At the present time, there are two approaches for managing HWA infestations chemical insecticides and biological control. Both come with pros and cons to ensure we do not do further damage to the environment. Prevention is also a good starting point. As always be careful moving plant material from infested areas especially during March – June when crawlers are most active. Keep bird feeders away from hemlocks to prevent crawlers from coming into contact with healthy trees. If a tree is heavily infested then it may be best to bring the tree down and burn it on site.
Insecticides, typically applied as a soil drench or an injection are incorporated by sap flow into the tree’s tissues. A single treatment can provide multiple years of protection. However, the costs, environmental safety, and the reproductive potential of HWA makes this approach on a broad scale unfeasible. Homeowners can first use horticultural oils and insecticidal soaps provided they apply it so it comes in contact with the HWA. Then try reducing stress in the tree by ensuring there is enough water and prune dead/dying limbs. Last but not least try to avoid nitrogen fertilizers as this can enhance the survival and reproduction of HWA.
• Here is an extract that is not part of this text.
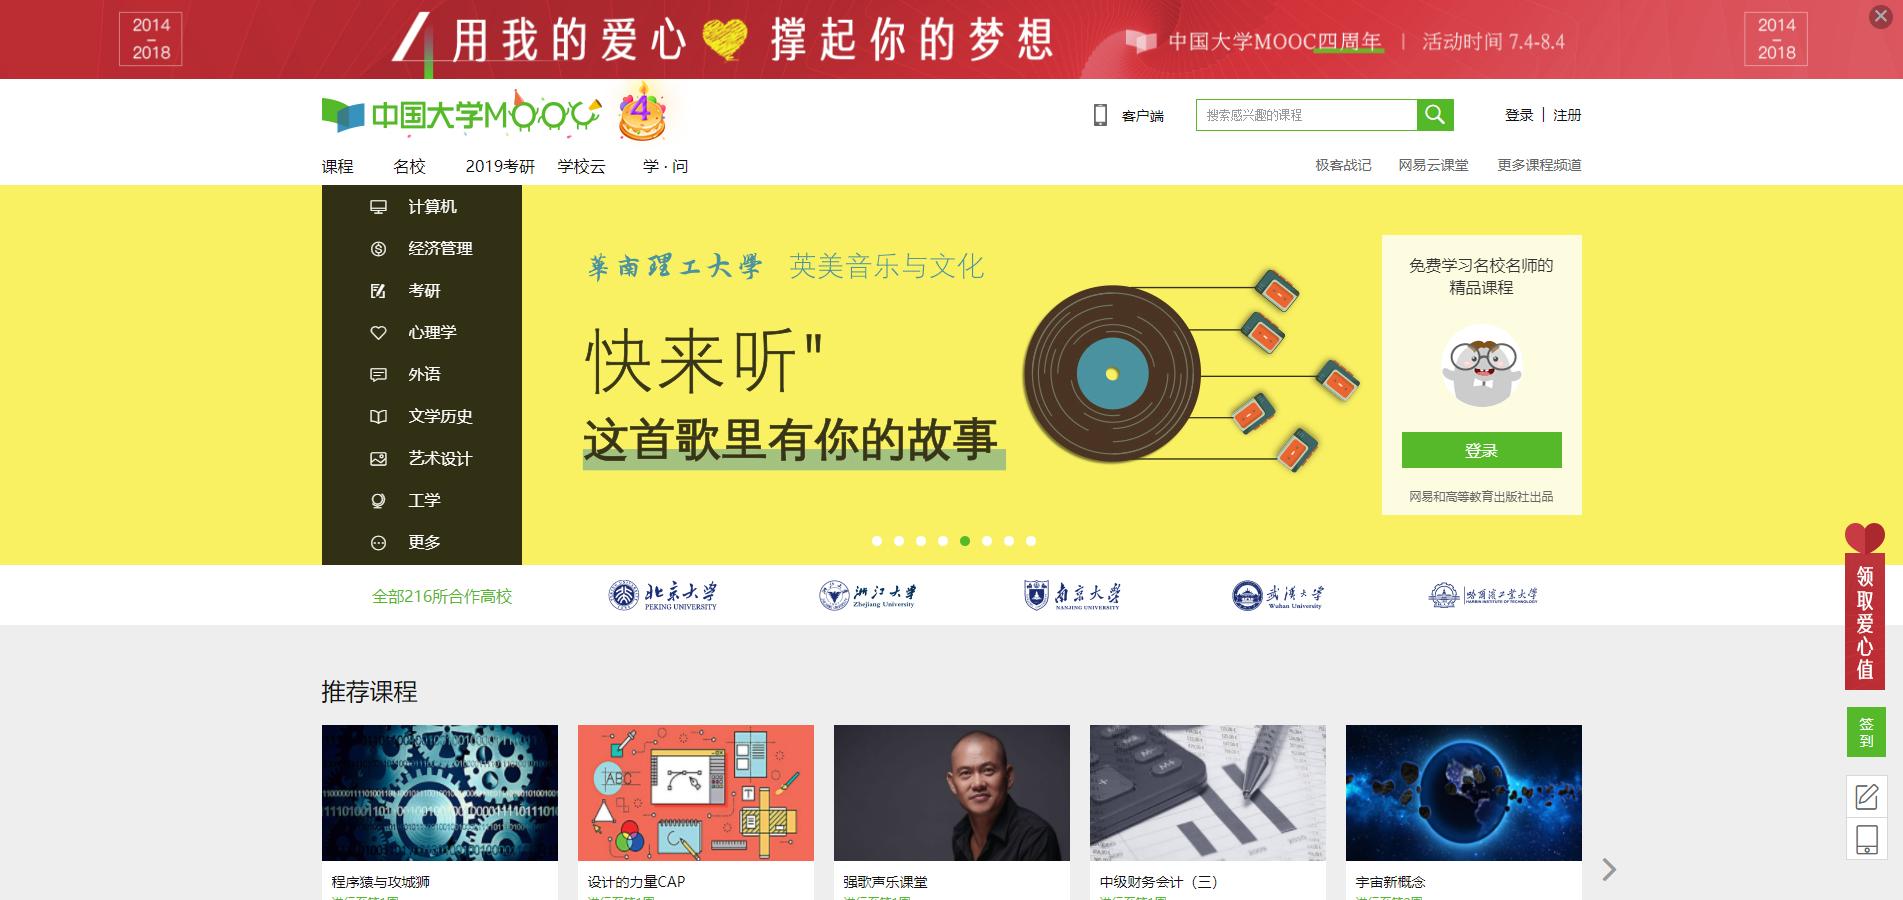 中国大学MOOC(慕课) | 国家精品课程在线学习平台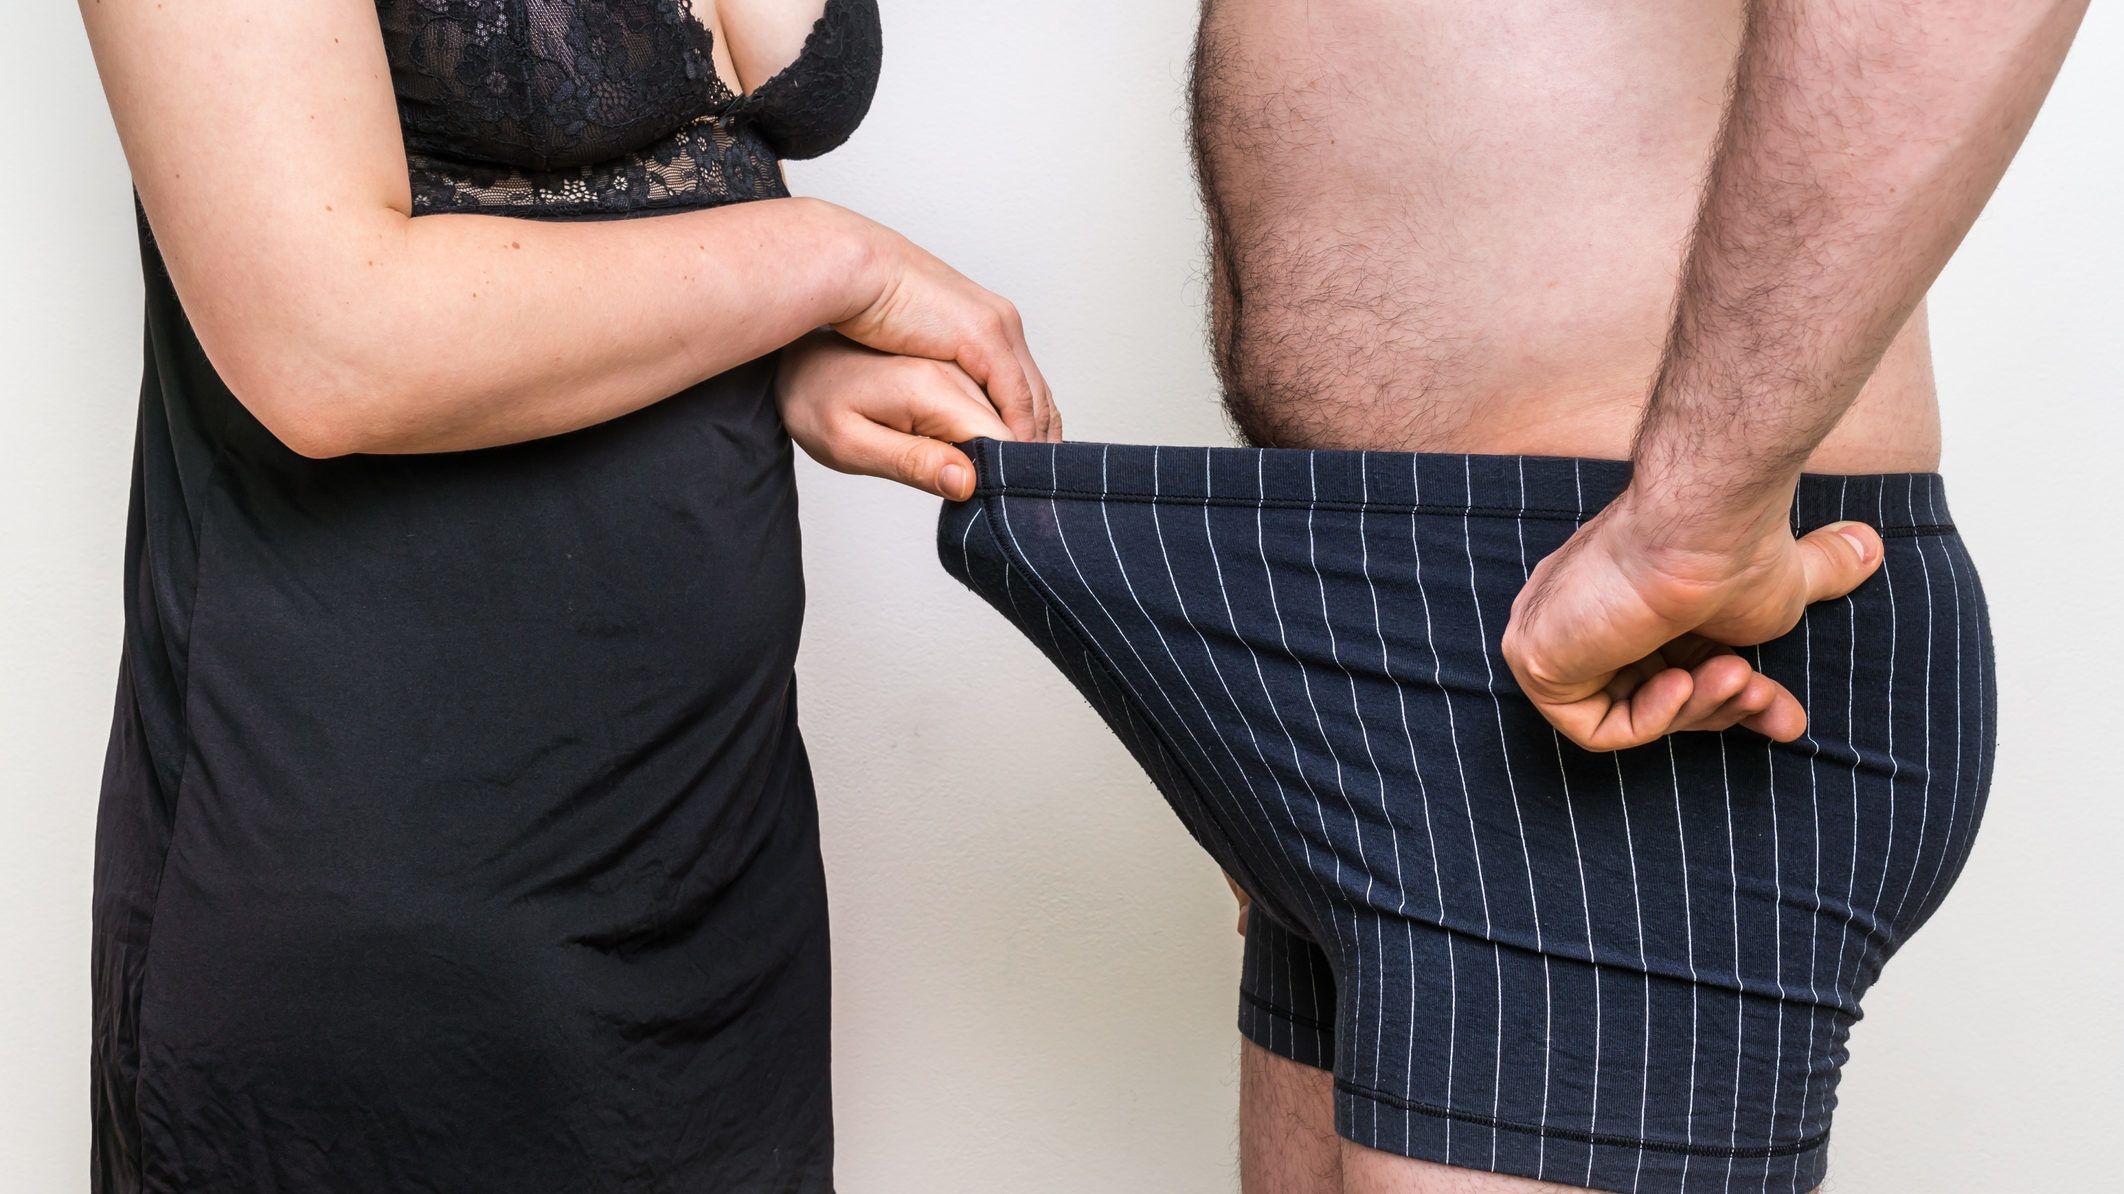 milyen méretű a kis pénisz szabad legyen kitenni a fejet az erekció során

Over the last 10 years, researchers have been investigating the use of biological control agents. At this time, scientists are evaluating the effectiveness of several HWA predators. A beetle and fungal pathogen, from Japan and the Pacific Northwest. Further study is needed to test the effectiveness on large scale and if there will be any long-term side effects from releasing another species.